Saturday, November 10, 2012

What Do Daycare and Soul Food Have to Do with Climate Change? Check out the Chicago Community Climate Action Toolkit on Facebook



It’s fall in Chicago. On the far Northwest Side, Boy Scouts install bat boxes in their neighborhood forest preserve. On the far Southeast Side, youth from a local church interview residents about their energy practices. In Pilsen, on the Near West Side, staff from a Mexican hometown association and a daycare plant milkweed in a new native plant play garden installed on a vacant lot. A few miles away, in Bronzeville, residents take a tour of the South Side green economy, which will end with a vegan soul food cooking demonstration in a community garden.


What do these diverse projects have in common? They are all part of the Chicago Community ClimateAction Toolkit, which I have been actively promoting since it launched last May, through social media and presentations in Chicago, around the country, and in Canada. The projects draw on heritage traditions and other assets to implement mitigation and adaptation strategies from the region’s climate action plans—and improve local quality of life at the same time. Project stories are told through video documentaries on the Toolkit website.

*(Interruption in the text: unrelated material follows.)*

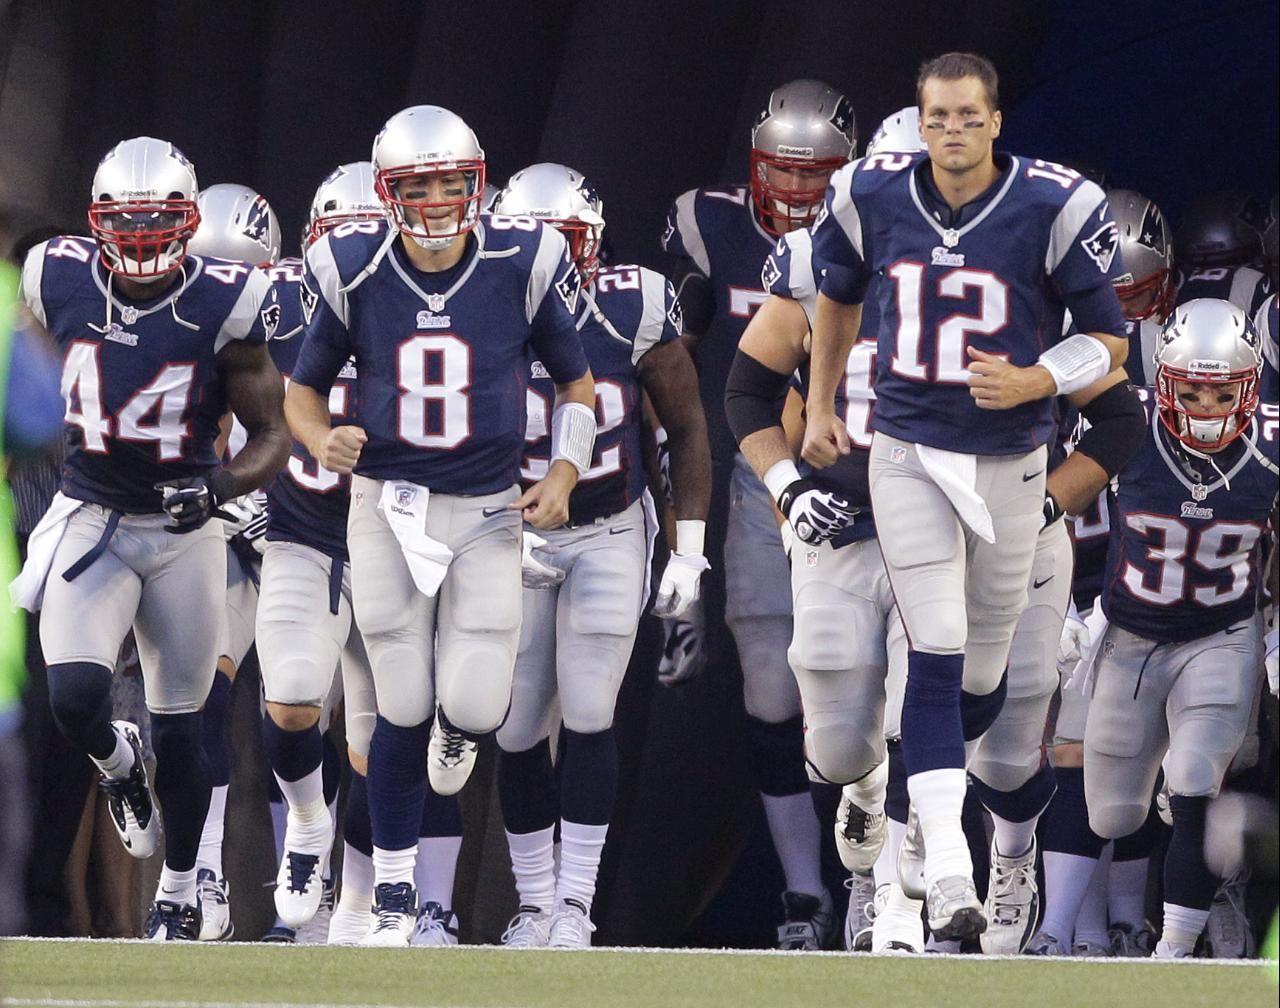 The Brady Bunch New England Patriots Patriots Team New England Patriots Merchandise

The Toolkit is the last project my team created at The Field Museum. It includes 60 multimedia tools—created with the help of over 40 partner organizationsto help others start their own projects, with diverse partners. The tools build on research that we conducted in 9 Chicago communities all around the city that identified community assets and concerns that can serve as springboards for advancing community-based climate action.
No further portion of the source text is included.